_What the task requires:_ When the line containing "Hawkins Pool Lifeguard" is reached, include it and end there; set down verbatim every line before it, starting at the top of the records.

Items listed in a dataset
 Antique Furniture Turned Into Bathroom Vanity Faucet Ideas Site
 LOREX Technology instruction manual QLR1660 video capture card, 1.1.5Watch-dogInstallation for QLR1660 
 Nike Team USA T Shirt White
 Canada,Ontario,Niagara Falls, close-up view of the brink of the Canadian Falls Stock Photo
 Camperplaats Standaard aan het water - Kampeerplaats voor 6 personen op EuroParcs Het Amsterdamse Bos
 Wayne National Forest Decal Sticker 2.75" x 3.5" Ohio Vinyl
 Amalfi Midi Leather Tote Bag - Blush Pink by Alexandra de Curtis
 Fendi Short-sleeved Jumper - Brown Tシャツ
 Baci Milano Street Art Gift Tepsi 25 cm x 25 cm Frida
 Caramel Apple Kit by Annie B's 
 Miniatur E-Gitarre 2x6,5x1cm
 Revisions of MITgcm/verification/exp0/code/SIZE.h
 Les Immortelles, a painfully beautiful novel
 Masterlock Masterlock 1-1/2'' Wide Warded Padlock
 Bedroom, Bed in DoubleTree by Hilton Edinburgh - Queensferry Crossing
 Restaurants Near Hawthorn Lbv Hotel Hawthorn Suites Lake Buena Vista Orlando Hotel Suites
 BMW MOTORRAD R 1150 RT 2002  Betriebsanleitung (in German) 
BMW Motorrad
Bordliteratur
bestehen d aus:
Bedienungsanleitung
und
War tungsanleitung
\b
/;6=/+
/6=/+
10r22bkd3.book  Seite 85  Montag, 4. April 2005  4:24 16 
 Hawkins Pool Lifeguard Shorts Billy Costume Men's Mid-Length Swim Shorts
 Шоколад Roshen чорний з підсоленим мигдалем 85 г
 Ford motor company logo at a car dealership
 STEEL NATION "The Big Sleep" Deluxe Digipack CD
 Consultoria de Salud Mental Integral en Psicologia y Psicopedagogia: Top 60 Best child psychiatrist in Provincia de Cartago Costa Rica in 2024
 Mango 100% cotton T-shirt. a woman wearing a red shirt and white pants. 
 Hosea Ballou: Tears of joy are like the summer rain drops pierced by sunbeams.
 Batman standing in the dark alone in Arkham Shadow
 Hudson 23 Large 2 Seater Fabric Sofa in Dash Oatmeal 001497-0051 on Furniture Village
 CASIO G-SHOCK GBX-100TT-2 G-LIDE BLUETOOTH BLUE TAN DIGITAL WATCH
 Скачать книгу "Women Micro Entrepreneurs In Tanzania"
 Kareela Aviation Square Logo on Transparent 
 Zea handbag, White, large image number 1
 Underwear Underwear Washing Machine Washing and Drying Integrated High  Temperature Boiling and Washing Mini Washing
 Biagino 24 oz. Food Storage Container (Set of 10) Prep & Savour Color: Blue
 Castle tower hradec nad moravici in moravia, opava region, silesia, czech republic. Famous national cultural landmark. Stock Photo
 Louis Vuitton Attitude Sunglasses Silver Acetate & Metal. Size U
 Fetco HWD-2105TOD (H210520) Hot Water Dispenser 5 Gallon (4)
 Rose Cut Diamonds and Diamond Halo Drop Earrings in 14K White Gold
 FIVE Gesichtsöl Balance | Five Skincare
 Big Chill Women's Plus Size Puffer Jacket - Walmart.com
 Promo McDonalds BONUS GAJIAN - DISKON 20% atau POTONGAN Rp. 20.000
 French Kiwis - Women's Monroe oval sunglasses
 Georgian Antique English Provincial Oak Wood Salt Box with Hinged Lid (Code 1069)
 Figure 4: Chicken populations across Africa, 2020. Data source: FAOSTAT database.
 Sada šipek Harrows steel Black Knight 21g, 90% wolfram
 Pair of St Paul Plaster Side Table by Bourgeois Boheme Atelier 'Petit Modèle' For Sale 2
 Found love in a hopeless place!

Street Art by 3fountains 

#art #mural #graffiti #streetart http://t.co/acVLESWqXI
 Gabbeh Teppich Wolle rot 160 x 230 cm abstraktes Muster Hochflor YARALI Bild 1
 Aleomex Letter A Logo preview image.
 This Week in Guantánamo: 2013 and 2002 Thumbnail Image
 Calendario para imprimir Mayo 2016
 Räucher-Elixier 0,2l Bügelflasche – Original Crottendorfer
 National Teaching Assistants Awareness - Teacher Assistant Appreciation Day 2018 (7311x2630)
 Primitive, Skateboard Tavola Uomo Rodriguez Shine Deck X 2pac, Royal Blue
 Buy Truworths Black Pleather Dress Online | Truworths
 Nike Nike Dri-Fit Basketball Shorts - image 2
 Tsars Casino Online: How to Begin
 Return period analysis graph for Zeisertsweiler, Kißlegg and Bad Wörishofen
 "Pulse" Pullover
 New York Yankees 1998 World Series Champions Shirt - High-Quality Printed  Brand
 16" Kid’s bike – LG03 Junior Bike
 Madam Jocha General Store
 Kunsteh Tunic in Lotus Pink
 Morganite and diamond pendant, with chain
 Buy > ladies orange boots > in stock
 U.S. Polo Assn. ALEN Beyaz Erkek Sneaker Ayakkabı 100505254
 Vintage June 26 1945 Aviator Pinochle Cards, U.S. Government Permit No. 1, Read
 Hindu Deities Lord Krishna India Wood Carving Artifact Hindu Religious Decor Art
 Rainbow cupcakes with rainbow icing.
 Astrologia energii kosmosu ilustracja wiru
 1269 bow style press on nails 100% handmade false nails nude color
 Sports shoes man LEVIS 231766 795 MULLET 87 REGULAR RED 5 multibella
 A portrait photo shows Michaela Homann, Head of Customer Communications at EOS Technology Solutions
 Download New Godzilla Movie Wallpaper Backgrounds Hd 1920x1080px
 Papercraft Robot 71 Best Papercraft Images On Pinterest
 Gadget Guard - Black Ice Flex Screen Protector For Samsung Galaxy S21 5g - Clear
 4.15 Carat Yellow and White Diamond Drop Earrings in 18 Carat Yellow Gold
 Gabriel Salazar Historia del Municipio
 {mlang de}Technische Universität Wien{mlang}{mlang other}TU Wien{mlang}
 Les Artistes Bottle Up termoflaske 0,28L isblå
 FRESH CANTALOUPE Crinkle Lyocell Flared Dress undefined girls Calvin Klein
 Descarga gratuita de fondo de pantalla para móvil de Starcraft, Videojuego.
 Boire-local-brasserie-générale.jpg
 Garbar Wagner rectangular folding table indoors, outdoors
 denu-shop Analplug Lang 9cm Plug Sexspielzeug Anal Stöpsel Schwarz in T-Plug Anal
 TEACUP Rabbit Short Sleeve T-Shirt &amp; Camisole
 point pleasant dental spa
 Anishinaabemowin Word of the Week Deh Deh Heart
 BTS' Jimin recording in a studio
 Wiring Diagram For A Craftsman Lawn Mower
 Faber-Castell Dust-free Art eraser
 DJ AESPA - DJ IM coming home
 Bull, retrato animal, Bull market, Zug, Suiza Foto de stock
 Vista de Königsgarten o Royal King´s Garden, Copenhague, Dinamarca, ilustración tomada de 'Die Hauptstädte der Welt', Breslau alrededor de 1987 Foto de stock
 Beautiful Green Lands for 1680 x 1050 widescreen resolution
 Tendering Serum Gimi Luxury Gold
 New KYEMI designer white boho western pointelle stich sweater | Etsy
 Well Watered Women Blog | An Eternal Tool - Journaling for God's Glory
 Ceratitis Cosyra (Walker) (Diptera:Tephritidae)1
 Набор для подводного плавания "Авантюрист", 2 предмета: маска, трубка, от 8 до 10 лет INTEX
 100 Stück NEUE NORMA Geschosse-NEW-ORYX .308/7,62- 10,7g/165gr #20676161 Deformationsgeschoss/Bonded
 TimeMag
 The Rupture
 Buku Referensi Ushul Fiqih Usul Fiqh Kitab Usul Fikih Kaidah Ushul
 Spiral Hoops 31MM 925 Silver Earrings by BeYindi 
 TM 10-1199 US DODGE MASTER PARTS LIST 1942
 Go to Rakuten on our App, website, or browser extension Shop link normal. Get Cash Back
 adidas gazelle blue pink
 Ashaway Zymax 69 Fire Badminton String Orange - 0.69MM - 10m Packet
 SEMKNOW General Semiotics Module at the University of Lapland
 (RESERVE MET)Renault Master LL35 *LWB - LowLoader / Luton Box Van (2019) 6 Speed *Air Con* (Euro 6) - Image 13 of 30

_Task answer:_
 Antique Furniture Turned Into Bathroom Vanity Faucet Ideas Site
 LOREX Technology instruction manual QLR1660 video capture card, 1.1.5Watch-dogInstallation for QLR1660 
 Nike Team USA T Shirt White
 Canada,Ontario,Niagara Falls, close-up view of the brink of the Canadian Falls Stock Photo
 Camperplaats Standaard aan het water - Kampeerplaats voor 6 personen op EuroParcs Het Amsterdamse Bos
 Wayne National Forest Decal Sticker 2.75" x 3.5" Ohio Vinyl
 Amalfi Midi Leather Tote Bag - Blush Pink by Alexandra de Curtis
 Fendi Short-sleeved Jumper - Brown Tシャツ
 Baci Milano Street Art Gift Tepsi 25 cm x 25 cm Frida
 Caramel Apple Kit by Annie B's 
 Miniatur E-Gitarre 2x6,5x1cm
 Revisions of MITgcm/verification/exp0/code/SIZE.h
 Les Immortelles, a painfully beautiful novel
 Masterlock Masterlock 1-1/2'' Wide Warded Padlock
 Bedroom, Bed in DoubleTree by Hilton Edinburgh - Queensferry Crossing
 Restaurants Near Hawthorn Lbv Hotel Hawthorn Suites Lake Buena Vista Orlando Hotel Suites
 BMW MOTORRAD R 1150 RT 2002  Betriebsanleitung (in German) 
BMW Motorrad
Bordliteratur
bestehen d aus:
Bedienungsanleitung
und
War tungsanleitung
\b
/;6=/+
/6=/+
10r22bkd3.book  Seite 85  Montag, 4. April 2005  4:24 16 
 Hawkins Pool Lifeguard Shorts Billy Costume Men's Mid-Length Swim Shorts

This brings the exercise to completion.